Return the complete listing exactly as it reads, with each picture removed.

### [Available data]
BEGIN
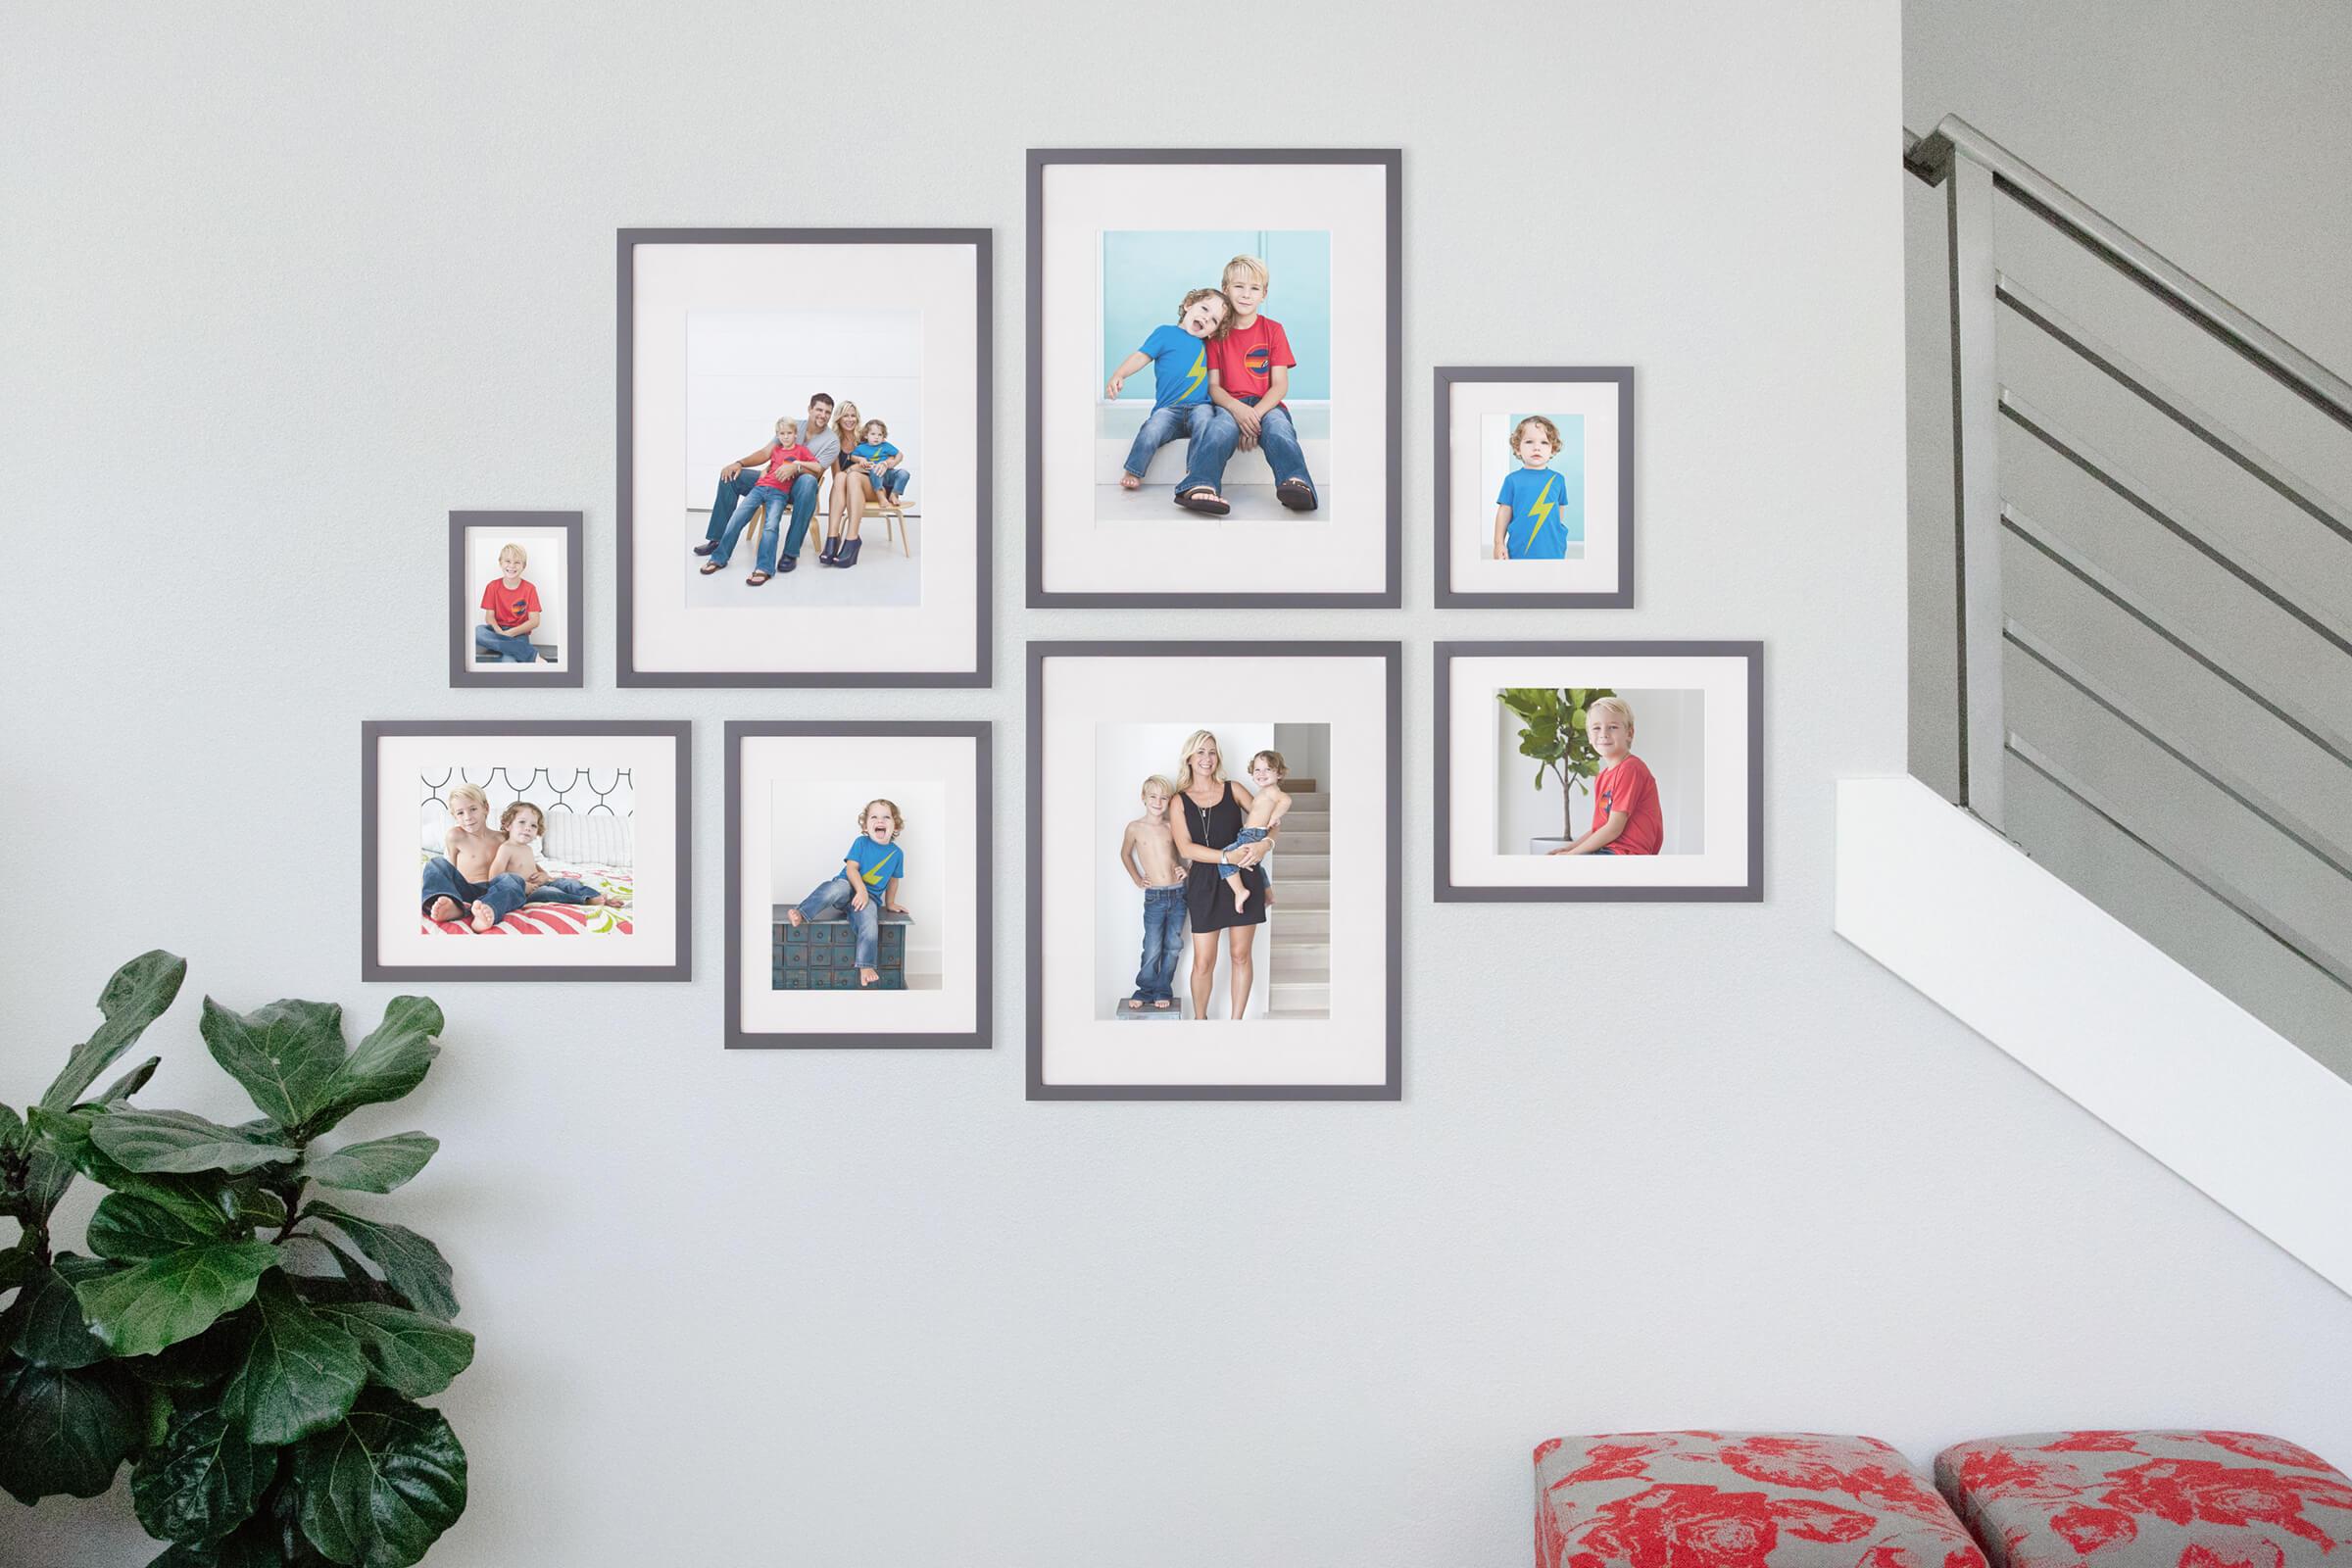 LHP_wall_gallery.jpg
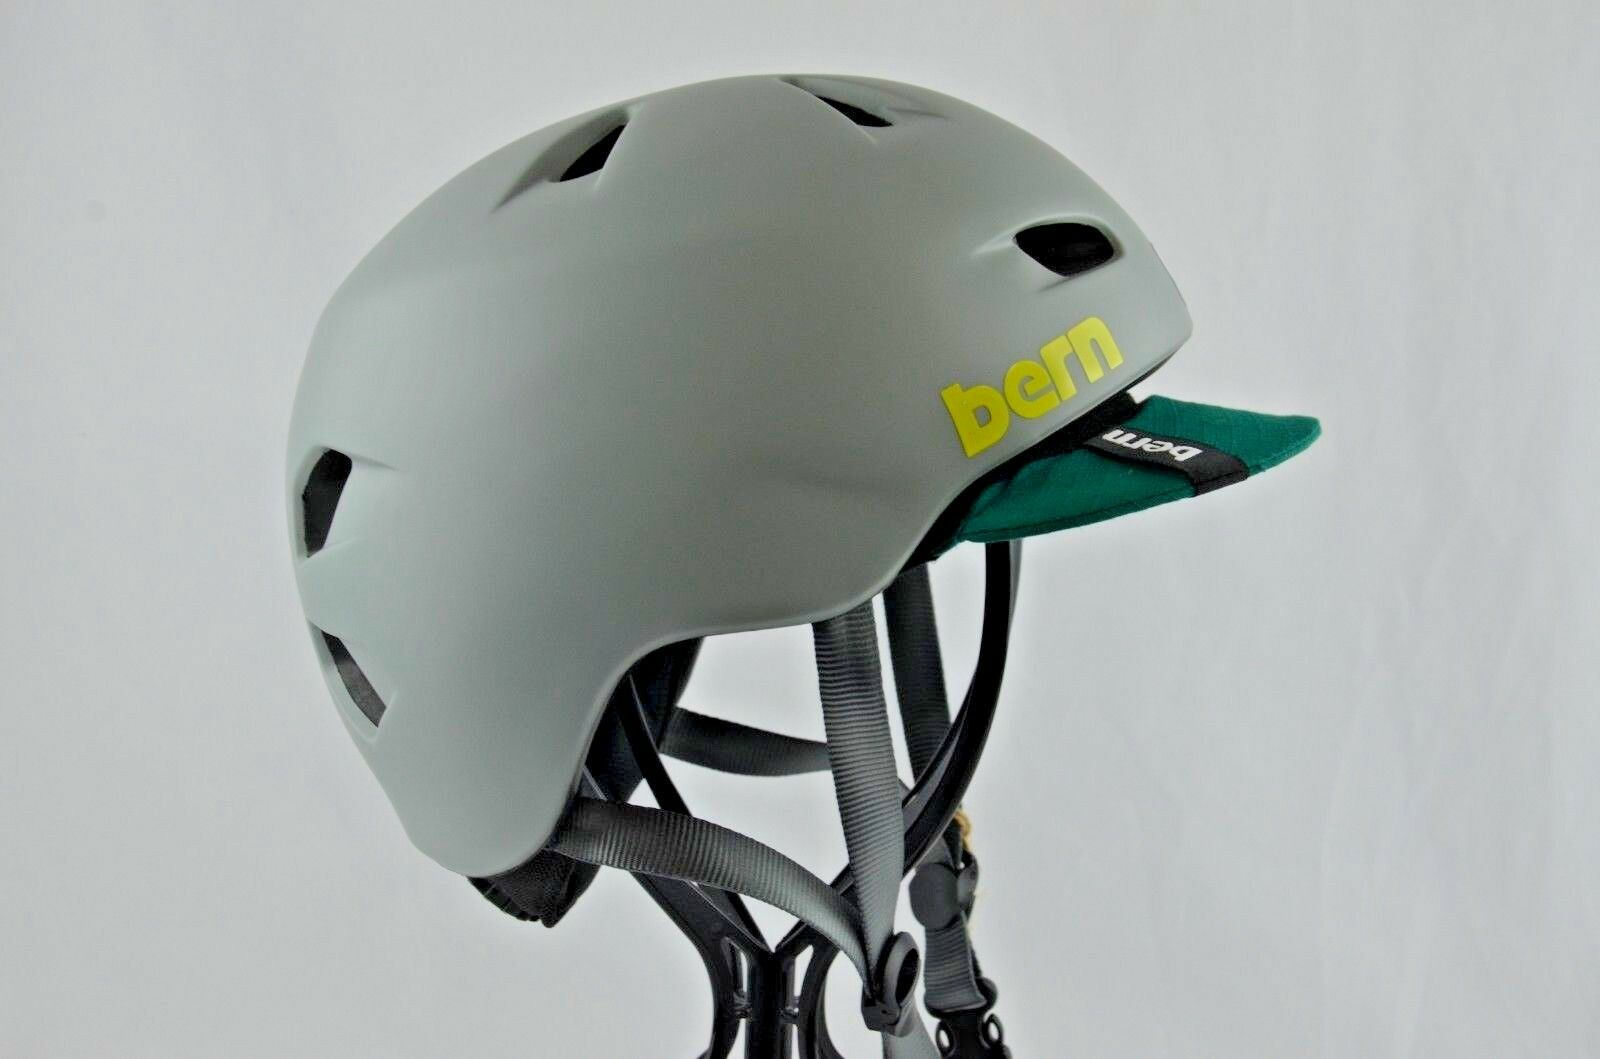 Bern Brentwood Zip Mold Bike Helmet Men's Flip Visor Small Matte Pavement
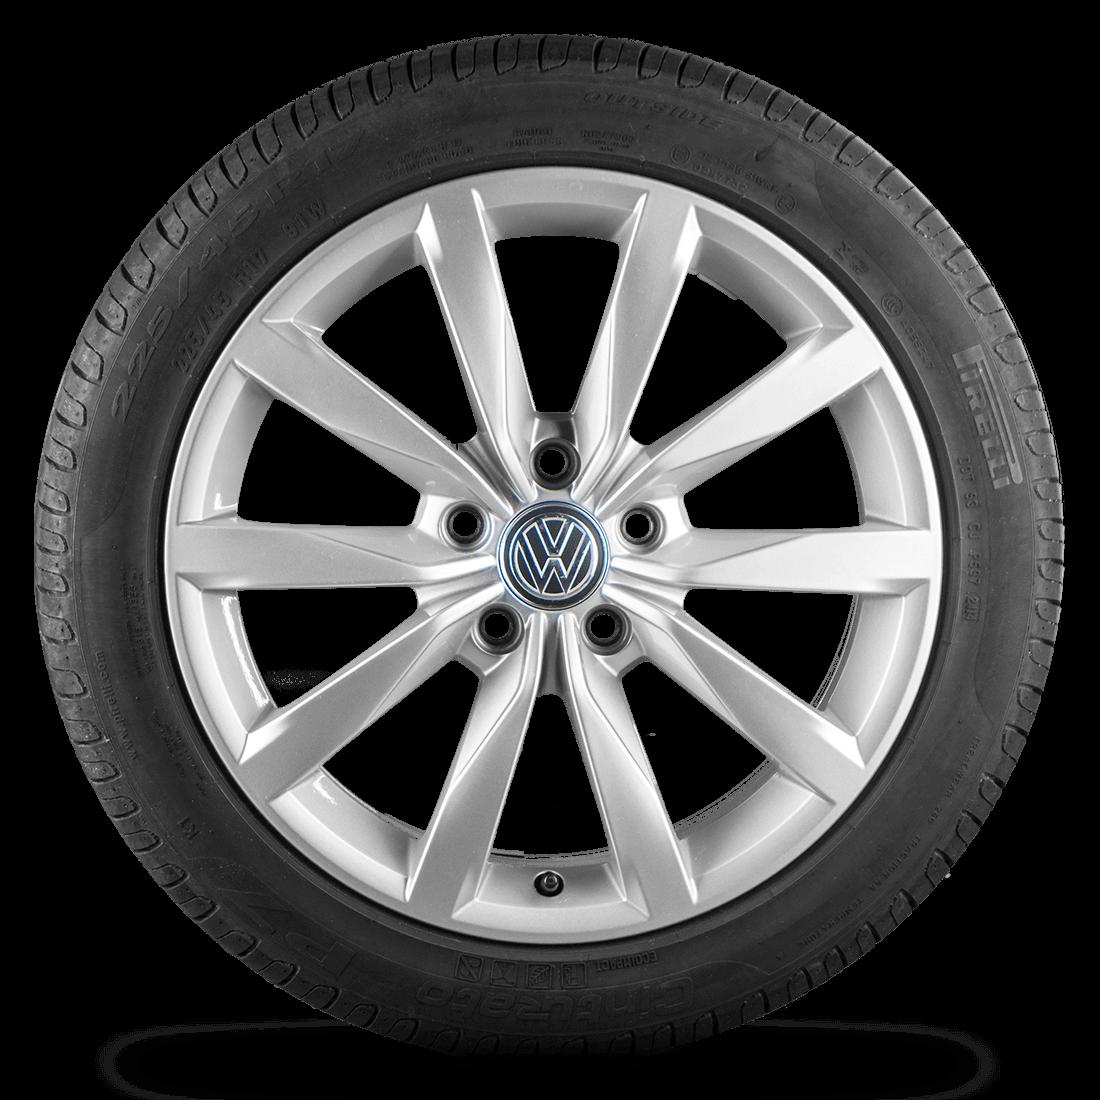 VW Golf 5 6 7 VI VII 5G Felgen Alufelgen Sommerreifen 5G0601025BH R line Dijon
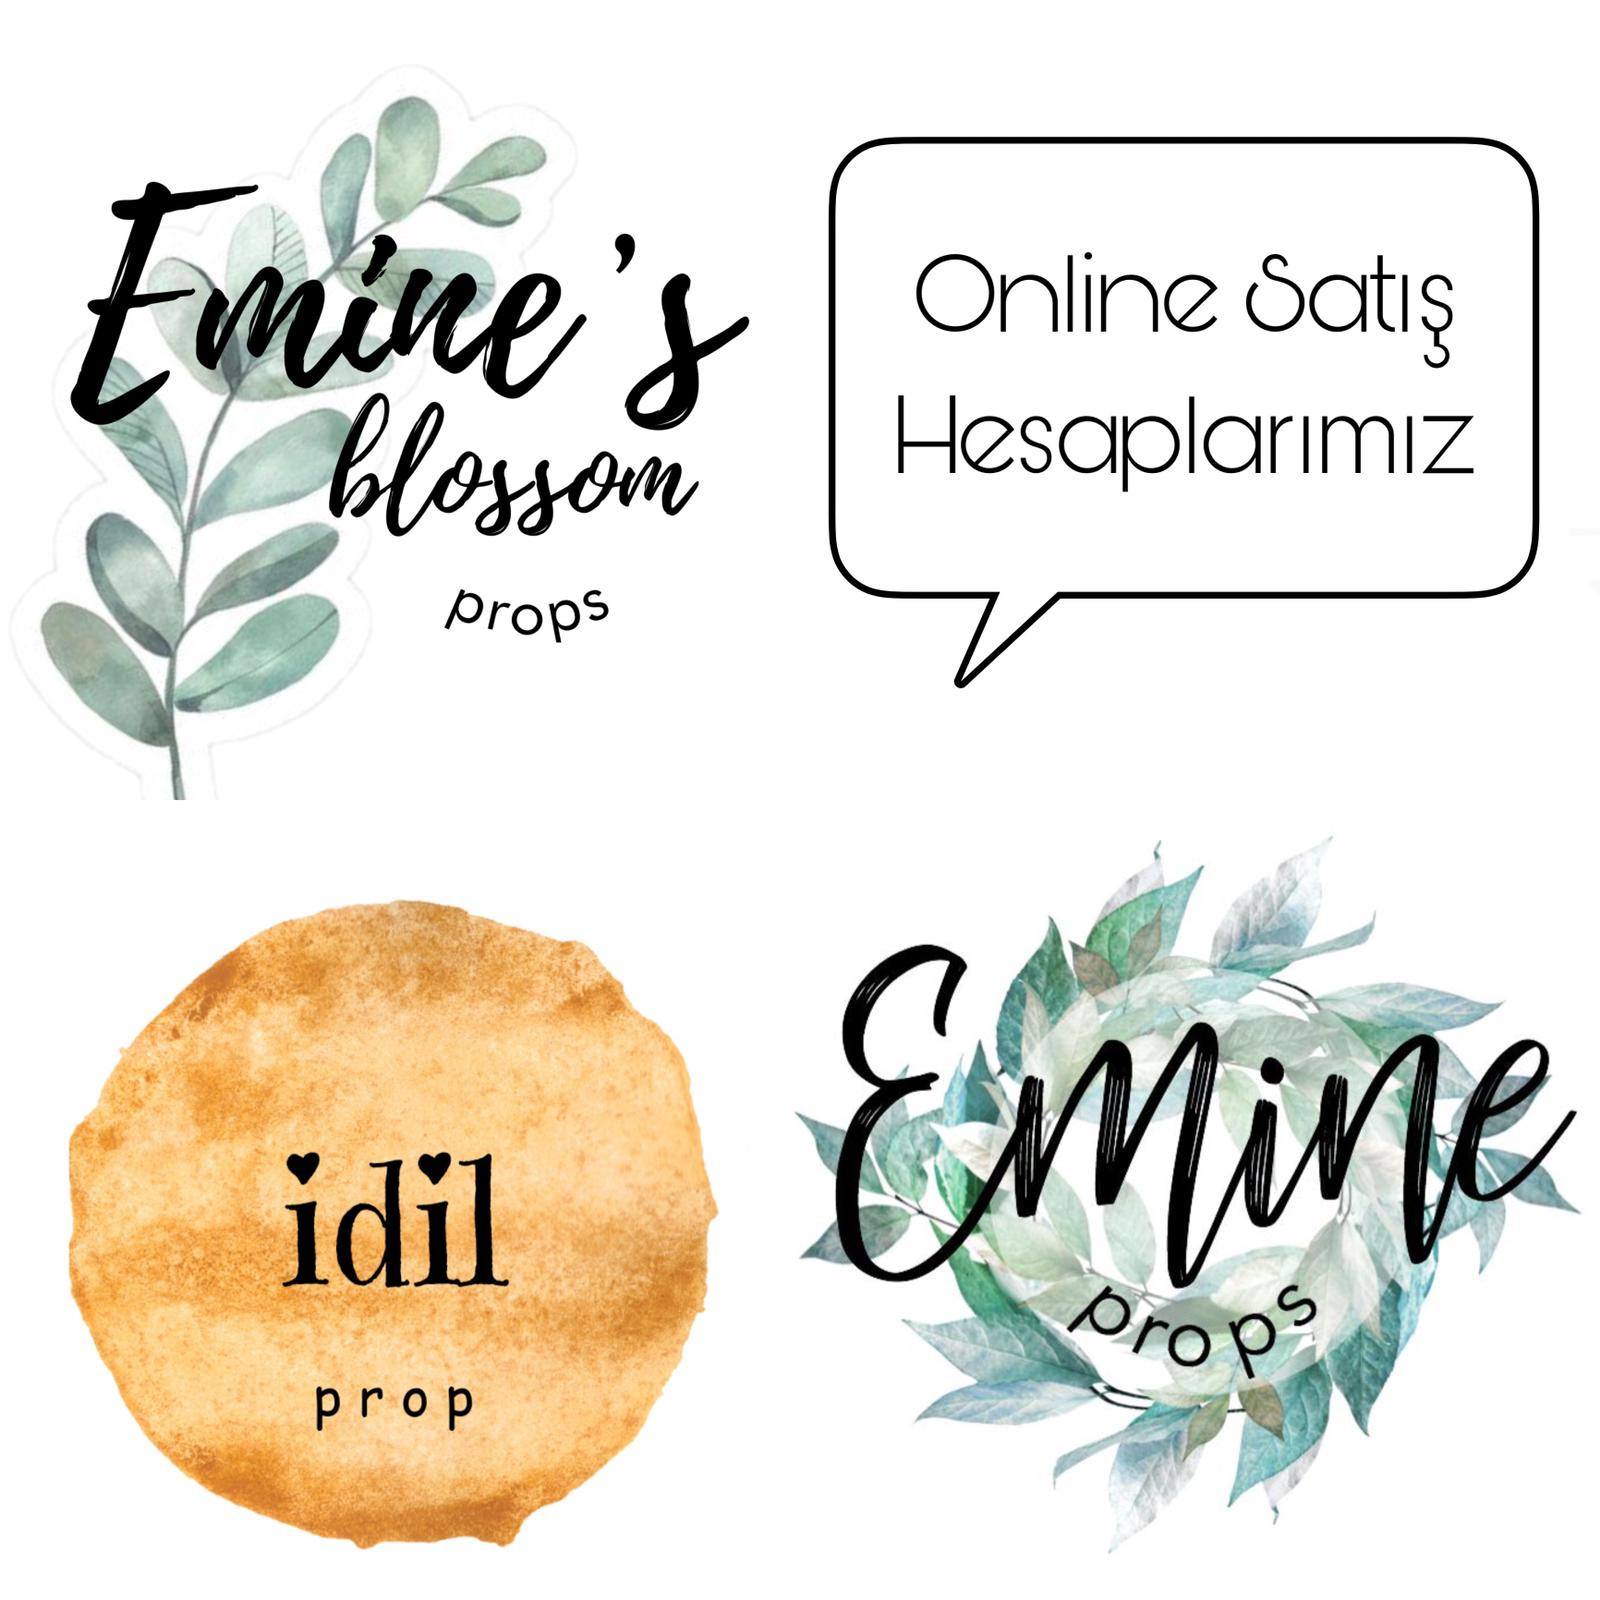 emineprops&idilprop&emineblossomprops
END
### [Solution below]
 LHP_wall_gallery.jpg
 Bern Brentwood Zip Mold Bike Helmet Men's Flip Visor Small Matte Pavement
 VW Golf 5 6 7 VI VII 5G Felgen Alufelgen Sommerreifen 5G0601025BH R line Dijon
 emineprops&idilprop&emineblossomprops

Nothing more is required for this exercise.